🤖 AI Summary
To address the slow inference speed of large language models (LLMs) and the limitation of existing speculative decoding methods—namely, their reliance on shared vocabularies—this paper proposes the first lossless speculative decoding framework supporting heterogeneous tokenizers. Methodologically, it requires no vocabulary alignment, modifies or retrains neither the draft nor the target model, and achieves cross-vocabulary distribution preservation via three lightweight components: token mapping, dynamic probability projection, and distribution calibration. Its core contribution is the elimination of vocabulary consistency constraints, enabling the first truly plug-and-play speculative decoding across disparate tokenizers.
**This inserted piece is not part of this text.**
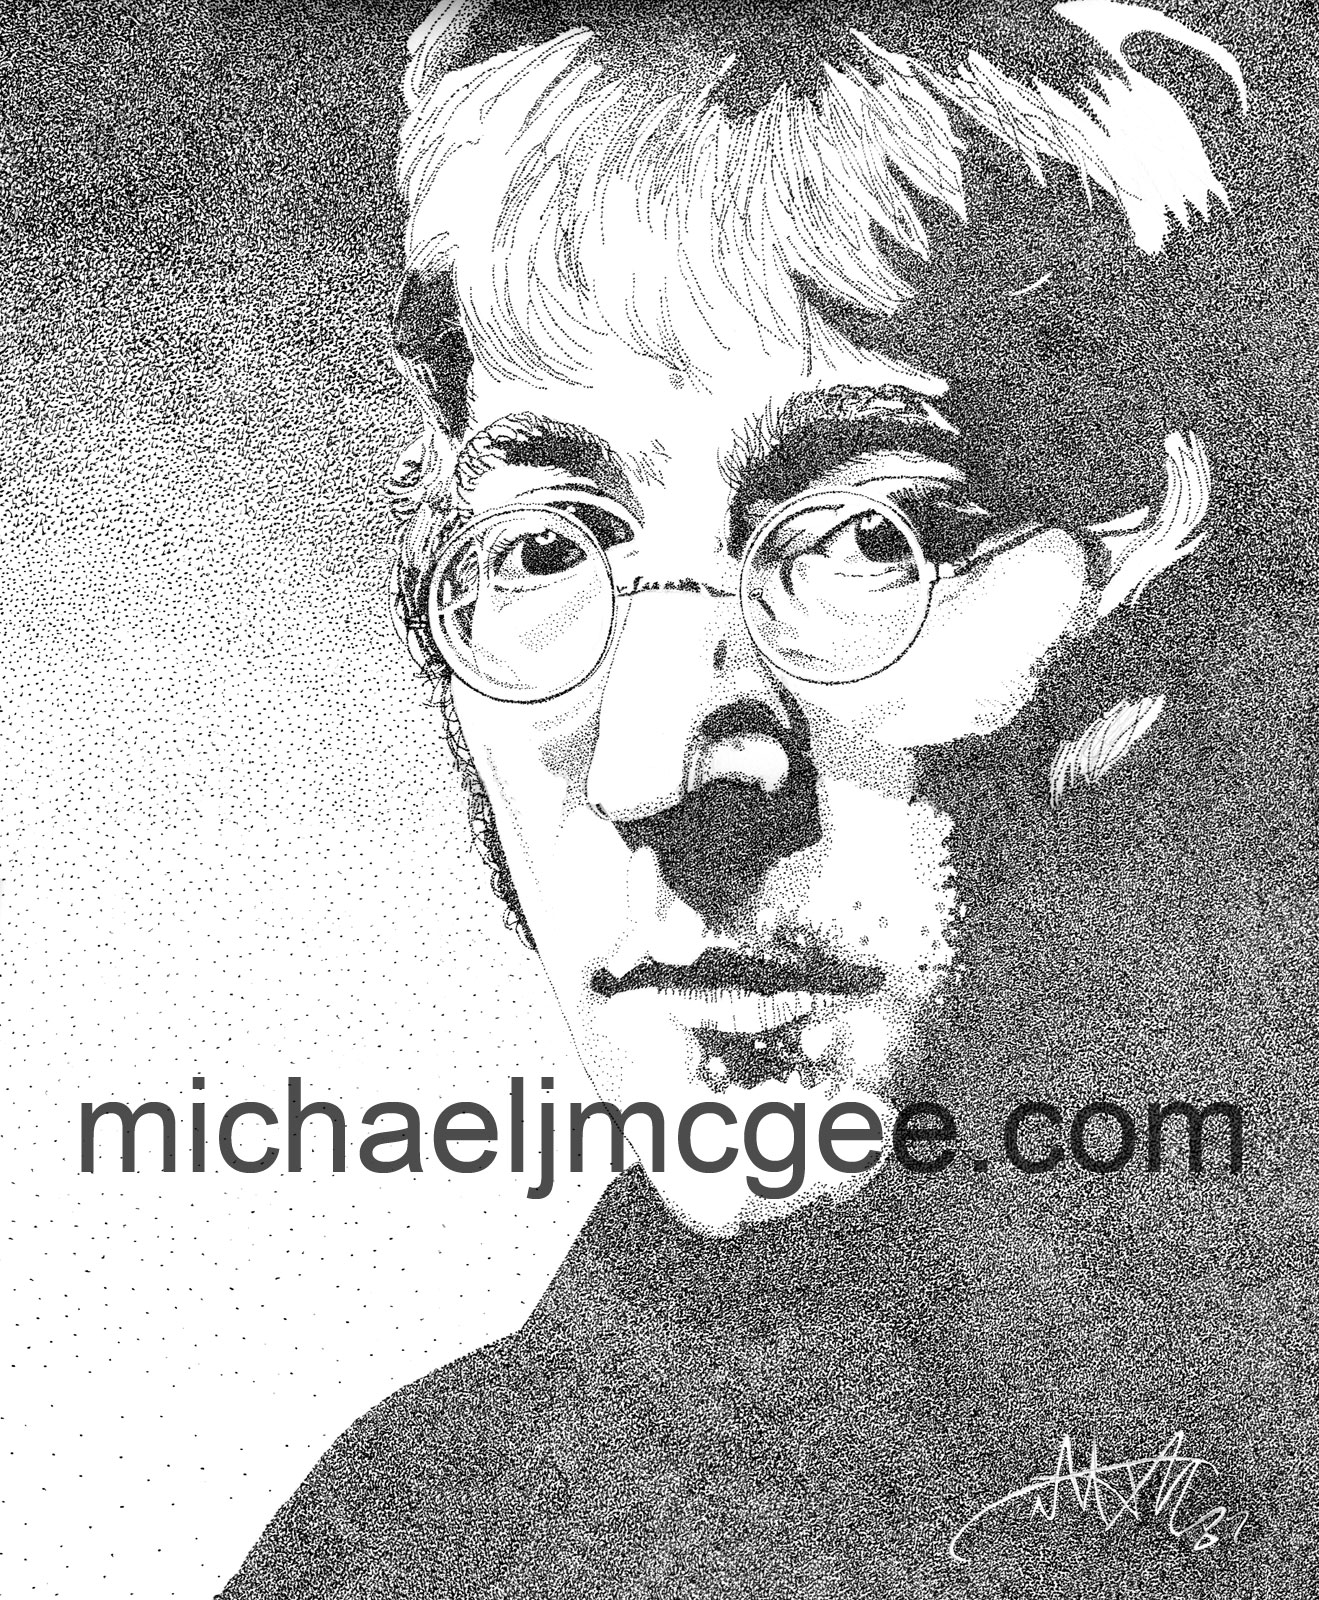 John Lennon / MJM Artworks / michaeljmcgee.com

Evaluated on summarization, code generation, and long-context tasks, the framework achieves average speedups of 1.8–2.3× over standard autoregressive decoding, with zero accuracy degradation—outperforming all baseline speculative decoding approaches.
📝 Abstract
Accelerating the inference of large language models (LLMs) is a critical challenge in generative AI. Speculative decoding (SD) methods offer substantial efficiency gains by generating multiple tokens using a single target forward pass. However, existing SD approaches require the drafter and target models to share the same vocabulary, thus limiting the pool of possible drafters, often necessitating the training of a drafter from scratch. We present three new SD methods that remove this shared-vocabulary constraint. All three methods preserve the target distribution (i.e., they are lossless) and work with off-the-shelf models without requiring additional training or modifications. Empirically, on summarization, programming, and long-context tasks, our algorithms achieve significant speedups over standard autoregressive decoding. By enabling any off-the-shelf model to serve as drafter and requiring no retraining, this work substantially broadens the applicability of the SD framework in practice.